Anxiety among the large-donor class has grown alongside Warren’s rise in the polls, which her campaign attributes partly to her pledge to forgo big money. “Ninety-seven percent of the people I know in my world are really, really fearful of her,” says Michael Novogratz, a former Goldman Sachs partner who now invests in cryptocurrency as founder of Galaxy Investment Partners. Much of that fear is overblown, he says, at least as it pertains to big hikes in high-end tax rates, which face long odds in Congress. But Novogratz, too, is bothered by Warren’s sharp attacks on the rich. “I’m hoping she pivots,” he says. “She’s such a good politician. She’s so smart. She’s witty. I’d rather have someone more centrist.”

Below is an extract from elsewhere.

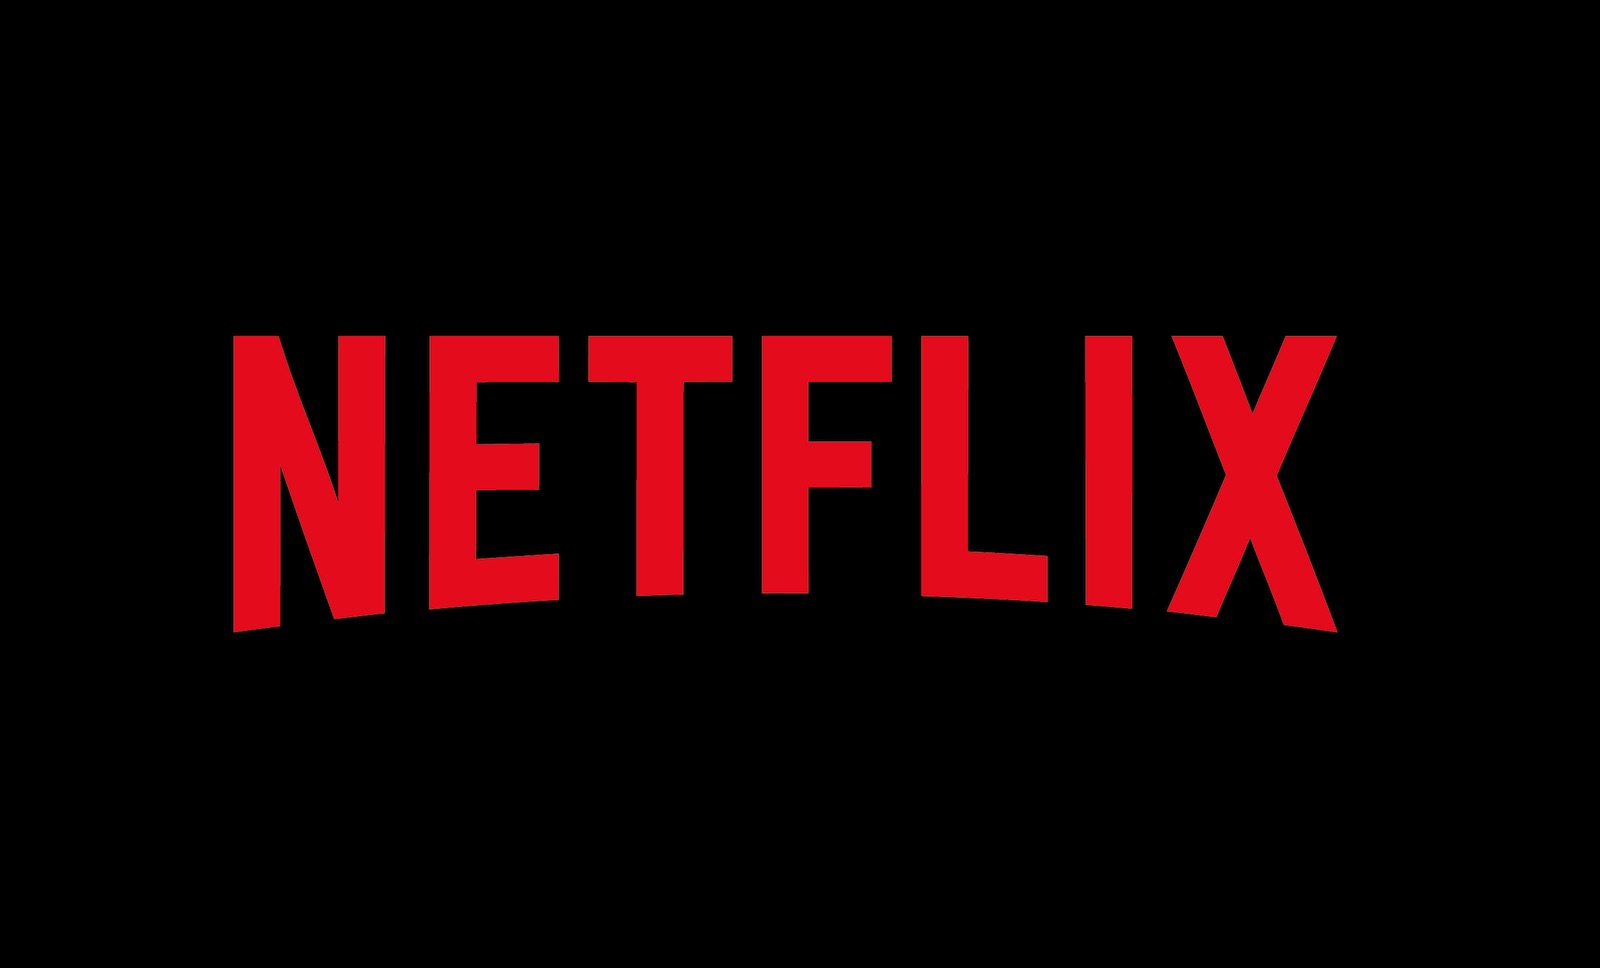 Le jeu vidéo sera-t-il le prochain eldorado de Netflix ? © Netflix
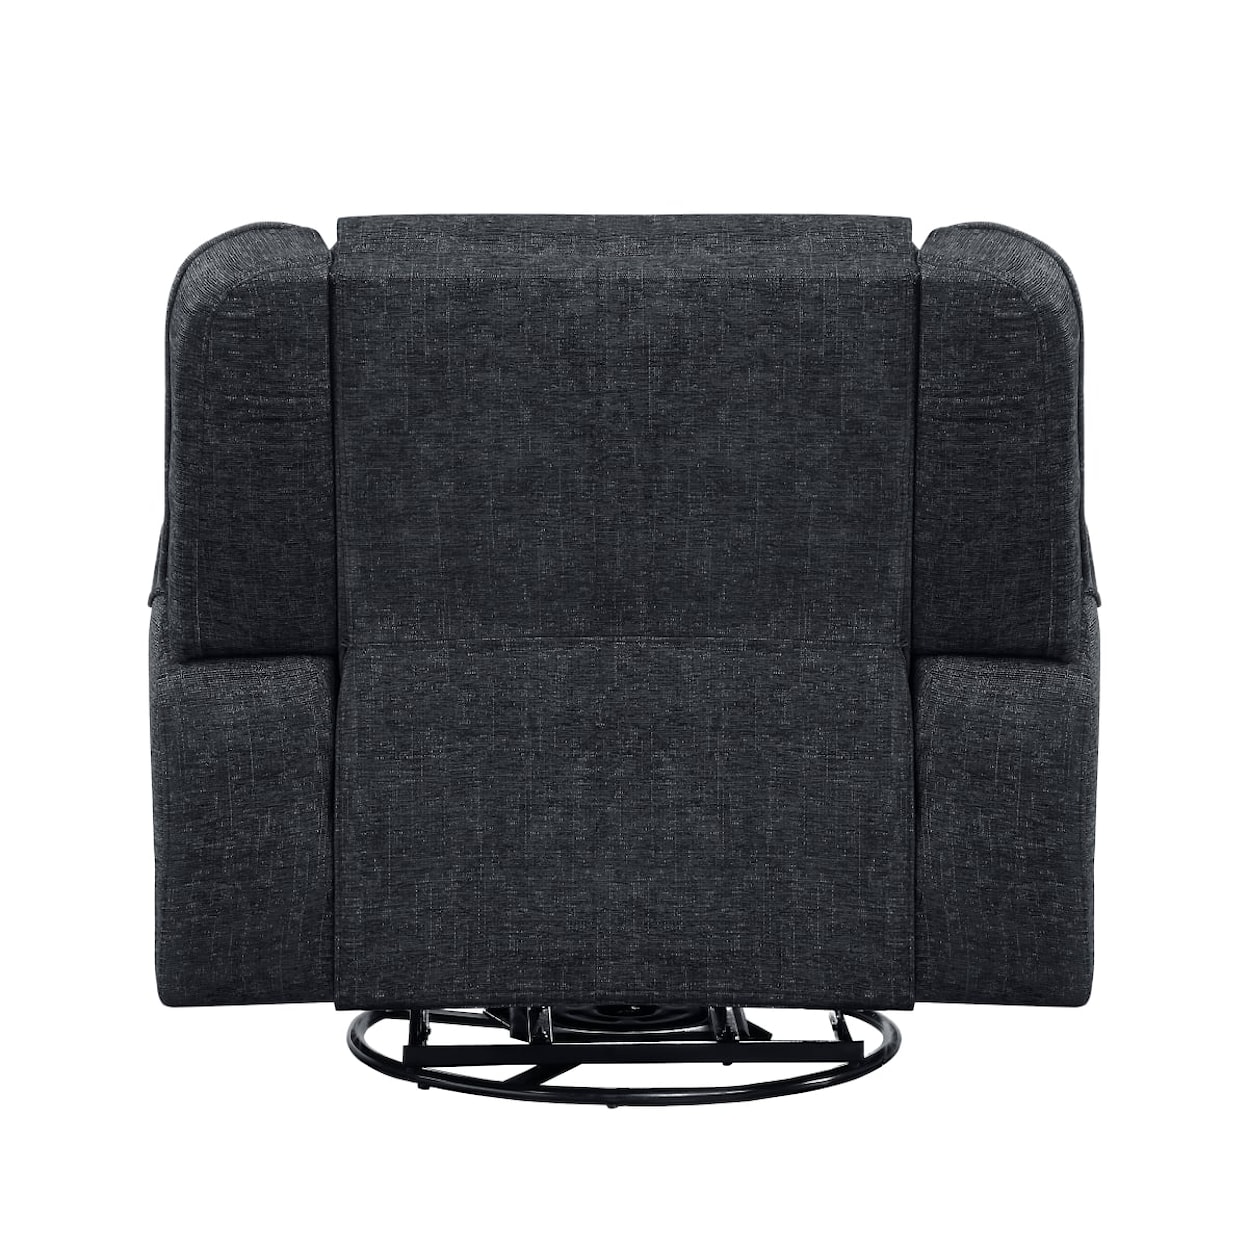 Homelegance Furniture Monterey Swivel Reclining Chair

One reason well-heeled donors are nervous is that the grassroots-focused approach is working much the way Warren and Sanders anticipated: democratizing access to power. “The small-donor money is not just putting bundlers and big donors to shame,” says a top Obama bundler who requested anonymity because he still raises money for Democrats. “It’s actually taking power away from the traditional three, four, five markets that have disproportionately funded campaigns: New York, Los Angeles, the Bay Area, D.C., and Chicago. It democratizes everything, when all the contributions come from online.”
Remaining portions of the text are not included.